Elysa Côté-Séguin digère mal la proposition de refonte du Réseau de transport de Longueuil (RTL) dans le secteur de Brossard au sud de l’autoroute 10. Elle anticipe tout un casse-tête à l’automne prochain si la proposition est adoptée comme telle.

La Brossardoise indique que ses habitudes de transport vont complètement changer advenant cette mise en place.

Si elle remet en doute plusieurs aspects de la transformation, elle déplore en particulier la fin du trajet vers l’école primaire de son plus vieux, trajet qu’aurait éventuellement aussi emprunté son plus jeune.

«On n’aura aucune option qui nous permet d’aller reconduire nos enfants en transport en commun, donc ça nous obligerait de prendre la voiture pour aller les reconduire. Et là après?» questionne celle qui fait ensuite le trajet jusqu’au terminus Panama pour aller travailler à Montréal.

À ses yeux, retirer les lignes bordant les écoles – les deux trajets à côté des écoles Saint-Laurent et Samuel-de-Champlain seraient retirés – envoie le mauvais message. Évoquant des plaintes concernant le passage des autobus dans ces zones, elle assure que le danger n’est pas là.

«Le problème depuis longtemps se maintient dans ces zones à cause des parents qui viennent reconduire leurs enfants tous en même temps en adoptant souvent des comportements de conduite dangereuse», affirme-t-elle.

Mauvaises cibles

Usagère depuis longtemps du transport en commun, Mme Côté-Séguin indique qu’il est impensable pour elle ou son conjoint de prendre la voiture pour aller travailler. N’empêche, les changements proposés la laissent perplexe. D’autant plus qu’à son arrêt actuel sur le boul. de Rome, elle passerait de quatre lignes qui pouvaient l’amener au terminus Panama à aucune.

«On est conscient que le RTL fait face, comme tous les réseaux de transport, à un sous-financement en fonction de la baisse de l’achalandage, mais on constate aussi que le message n’est pas toujours le bon», indique-t-elle.

«On voit les annonces sur les autobus, qui disent bon, allez vers Boucherville comme sur un long fleuve tranquille. Je ne crois pas que ce soit les messages qui donnent le goût aux gens de prendre le transport en commun», poursuit la Brossardoise.

Du bon et du mauvais

Pour Axel Fournier, porte-parole de l’Association pour le transport collectif de la Rive-Sud, la refonte proposée apporte du bon et mauvais pour les usagers.

«On est d’accord avec l’orientation générale de bonifier le service hors pointe sur les secteurs les plus achalandés, afin de créer des lignes structurantes. On en souhaite des lignes qui sont plus droites, qui font moins de zigzags», indique-t-il.

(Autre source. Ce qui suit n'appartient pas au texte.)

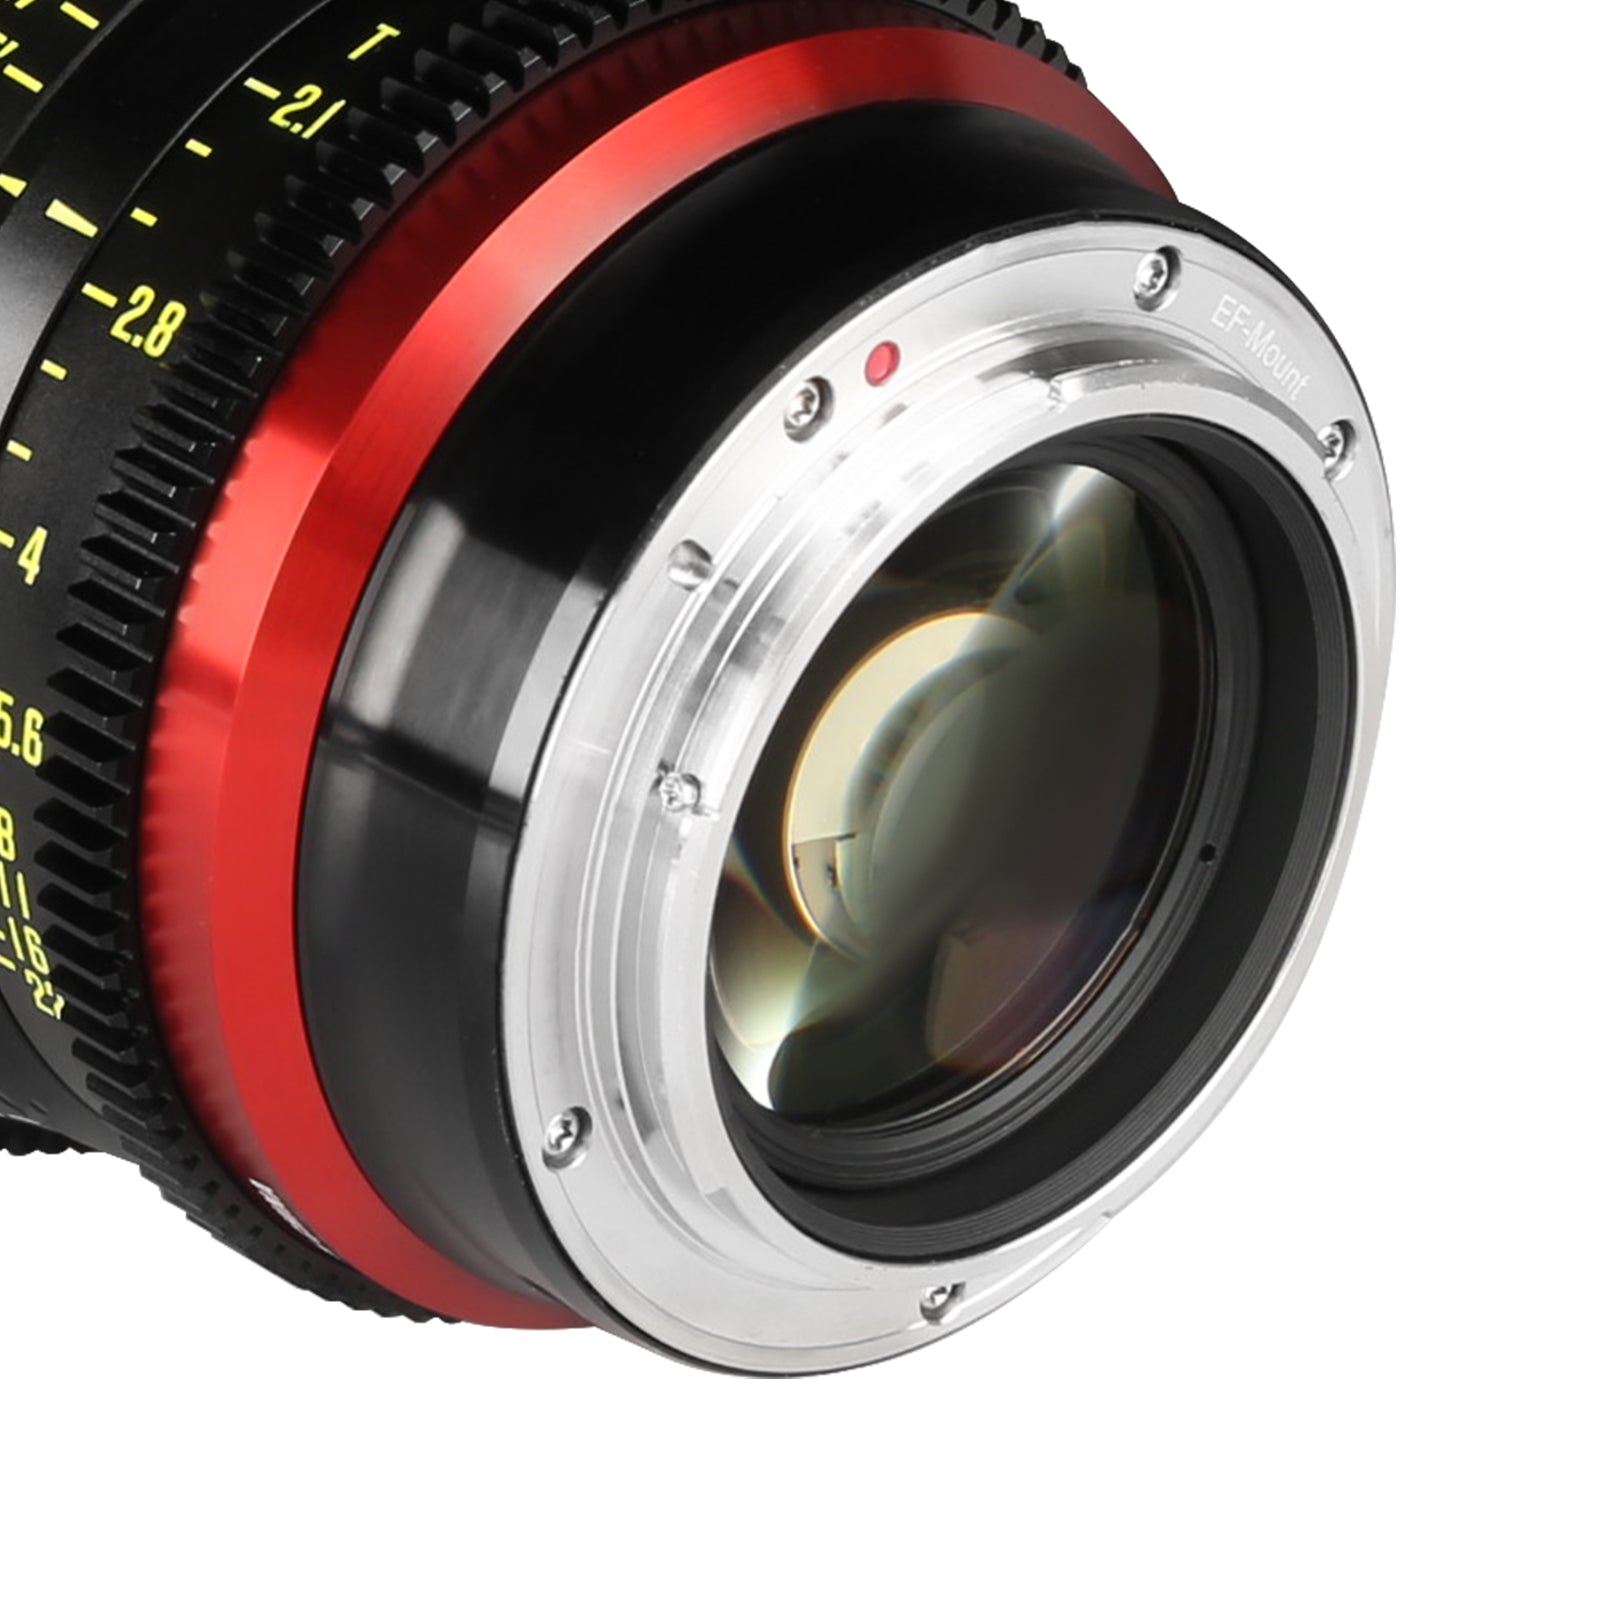 Meike Cinema Full Frame Cinema Prime 85mm T2.1 Lens (Sony E Mount in a Close-Up View)

Celui-ci note en particulier la bonification de fréquences pour la ligne 14, une ligne «qui passe par tous les points les plus importants de Brossard» et qui pourrait croître en fréquentation avec la bonification des heures de commerces, comme ceux du DIX30.

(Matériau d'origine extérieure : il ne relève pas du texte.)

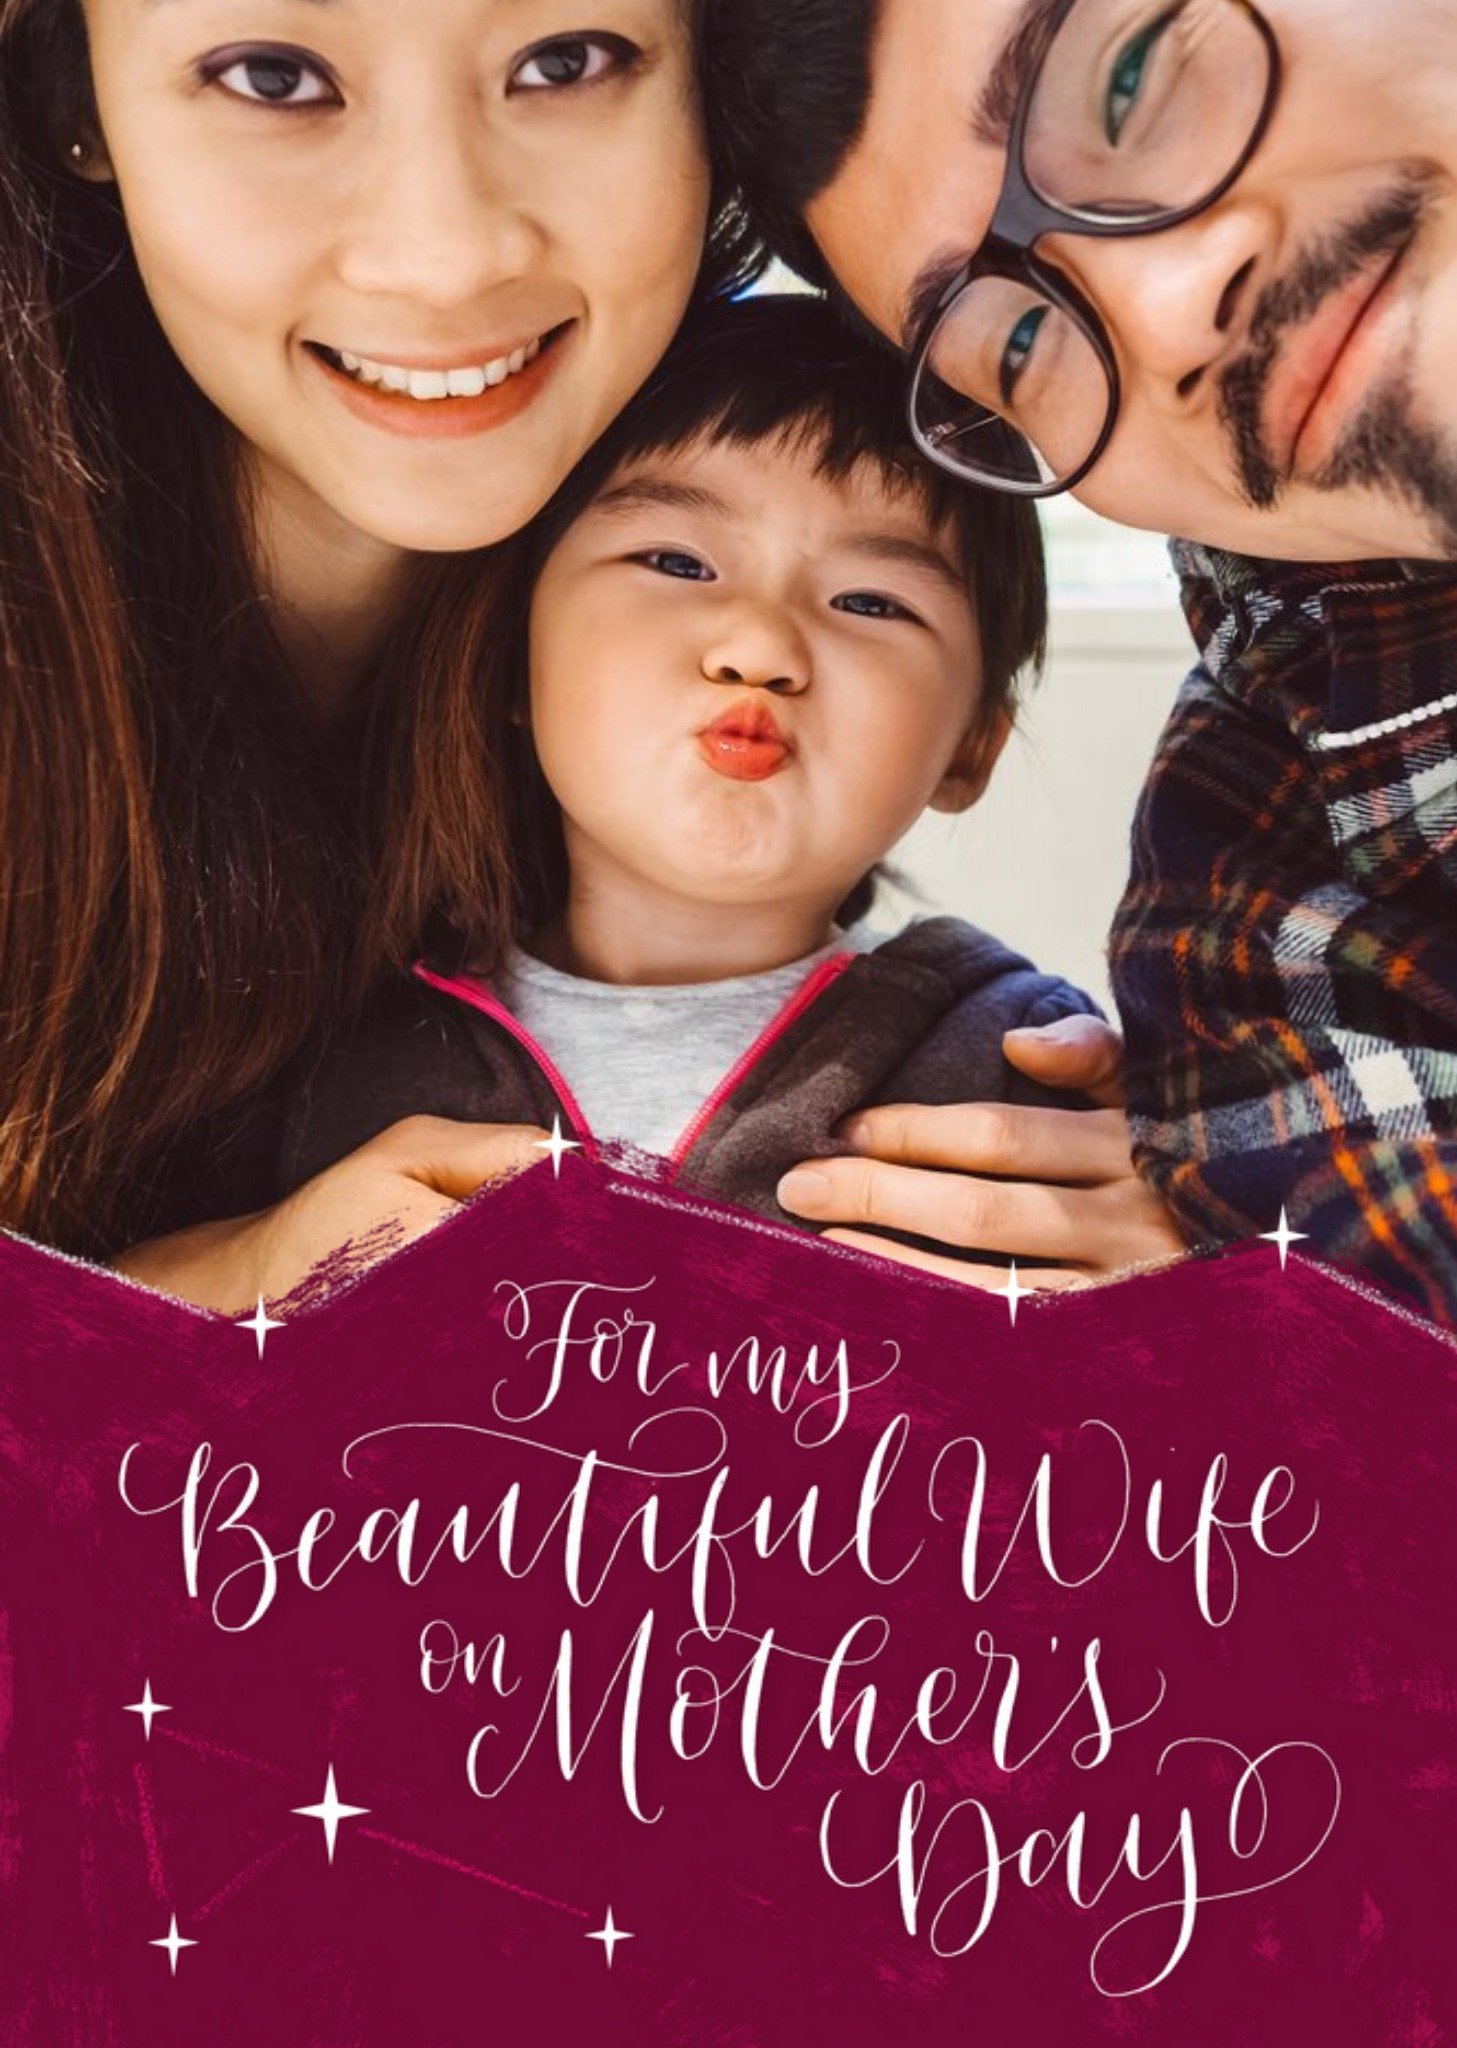 Moonpig Mother's Day Card - Beautiful Wife On Mother's Day - Photo Upload Card - Calligraphy Ecard

En contrepartie, il évoque la perte de services à certains endroits.

«On comprend que le RTL opère dans un contexte budgétaire qui est très serré. C’est l’ARTM puis ultimement le gouvernement du Québec qui ne donnent pas l’oxygène nécessaire pour que le service puisse augmenter», mentionne M. Fournier, qui se dit particulièrement inquiet des services qui seraient remplacés par le transport à la demande.

S’il croit que les usagers réguliers du secteur s’habitueront à ce service, il craint pour les utilisations plus ponctuelles. «Quand on regarde à partir de Google Maps par exemple, le trajet à la demande n’est pas inclus. Donc, pour un usager occasionnel, c’est comme si c’était inexistant», note-t-il.

Ultimement, M. Fournier est d’avis que les changements apporteront plus de bon que de mauvais, dans le contexte.

«On appuie les volontés sur les fréquences et on n’appuie pas nécessairement les réductions de services, mais on comprend pourquoi», résume-t-il.

Majorité

Le RTL, pour sa part, assure que 88% des quelque 5800 usagers par jour du secteur bénéficieraient d’une bonification de fréquence. Toutefois, une majorité de commentaires reçus dans le cadre de la transformation venait de personnes inquiètes, comme Elysa Côté-Séguin. Celle-ci assure par ailleurs qu’elle sera de la consultation publique du 31 mars, au Centre socioculturel Alphonse-Lepage.

«Je peux vous dire hors de tout doute que si la carte de transport avait été comme [le RTL] le propose au moment où on a fait l’achat de notre maison, on n’aurait jamais déménagé à cet endroit-là», soutient-elle.